7. Relay messages repeat their own instructions. Every inbox relay carries a header explaining how to use SendMessage. Every. Single. Time. Plus verbose per-item metadata: full timestamps, full UUIDs, the works.
Add it up and you get a system that spends most of its money reminding itself how to work.
The fix is architectural, not prompt-level
The instinct, when you see numbers like this, is to start trimming prompts. Shorter wording here, fewer examples there. That's worth doing, but it's rearranging chairs. The real wins are structural.
Scope tools by role. A reviewer doesn't need kanban management. A developer doesn't need cross-team coordination. Filter the tool catalog at spawn time based on what the role actually does. This alone can cut 50–70% of your tool-definition overhead, and it costs you nothing in capability.
Add a planning phase. Before any developer touches code, an architect drafts specs, the user approves them, and only then do tasks get created. The token cost of planning is trivial compared to the cost of rework.
Make teammates ephemeral. Instead of one persistent developer agent that drifts through six tasks accumulating cruft, spawn a fresh developer per task. When the task completes, the process dies. The next task starts clean. Counterintuitive, but the spawn cost is far lower than the carrying cost of stale context.
Deduplicate protocol injection. Inject the protocol once at spawn. After that, reference it. If the agent needs a refresher, it can ask. Don't pre-emptively reteach.

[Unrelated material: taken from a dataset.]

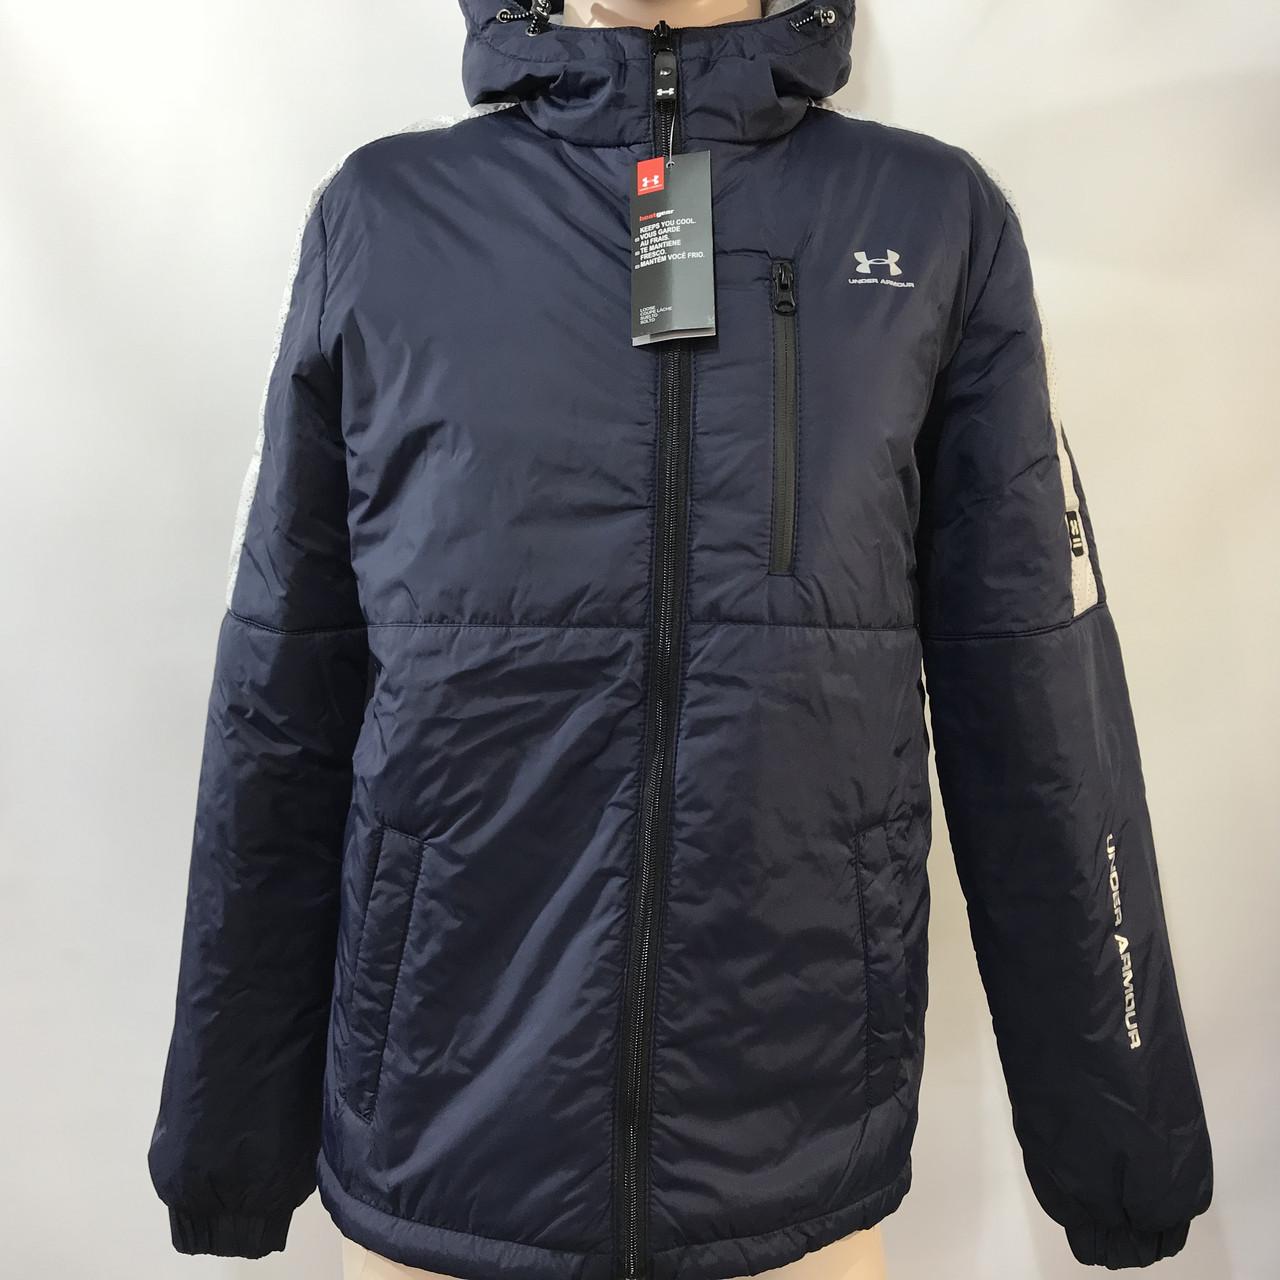 Куртка мужская / демисезонная на тонком синтепоне темно-синяя / размер M, L

Slim the assignment messages. Replace the inline tool examples with a one-line pointer: "see your briefing." The agent already has the briefing. It doesn't need the briefing again, in miniature, attached to every task.
Make cross-team tools conditional. If there's no cross-team work happening, don't ship cross-team tools. Inject them when they become relevant.
What the architecture actually looks like
The shape that falls out of all this is something like:
Epic Start
├── Create team from project template
├── Lead receives scoped tool set (task + kanban + message only)
│
├── PLANNING PHASE
│ ├── Lead + Architect analyze requirements
│ ├── Architect drafts spec tasks with dependencies
│ ├── Plan goes to user for approval
│ └── Approved → tasks finalized
│
├── EXECUTION PHASE
│ ├── Developer spawned with scoped tools, ONE task
│ ├── On completion → developer process killed
│ └── Fresh developer for the next task (clean context)
│
├── REVIEW PHASE
│ ├── Reviewer approves or requests changes
│ ├── Changes → fresh developer, just the feedback
│ └── Approved → done
│
└── Epic Complete → team deleted
The key shift is that teammates are ephemeral per task, not persistent across the epic. Fresh context, scoped tools, no carry-over bloat. It feels wasteful — surely reusing an agent is cheaper than spawning a new one? — but the math says the opposite. Spawn cost is a few thousand tokens. Carrying cost is unbounded.
The takeaway
If you're building an agent system and your bill is surprising you, the answer probably isn't "Claude is expensive" or "the model is inefficient." The answer is that you're paying to re-teach the same agent the same things on every turn, and shipping it tools it never touches, and letting it hoard context from work it finished hours ago.
Multi-agent systems are not Claude Code with extra agents bolted on. They are a different design problem, and the cost model is dominated by things that don't show up in any single prompt review. Tool scoping, planning gates, ephemeral lifecycles, and protocol deduplication aren't optimizations you do at the end. They're the architecture.
Build for them from the start, or watch 92% of your tokens evaporate into schema repetition.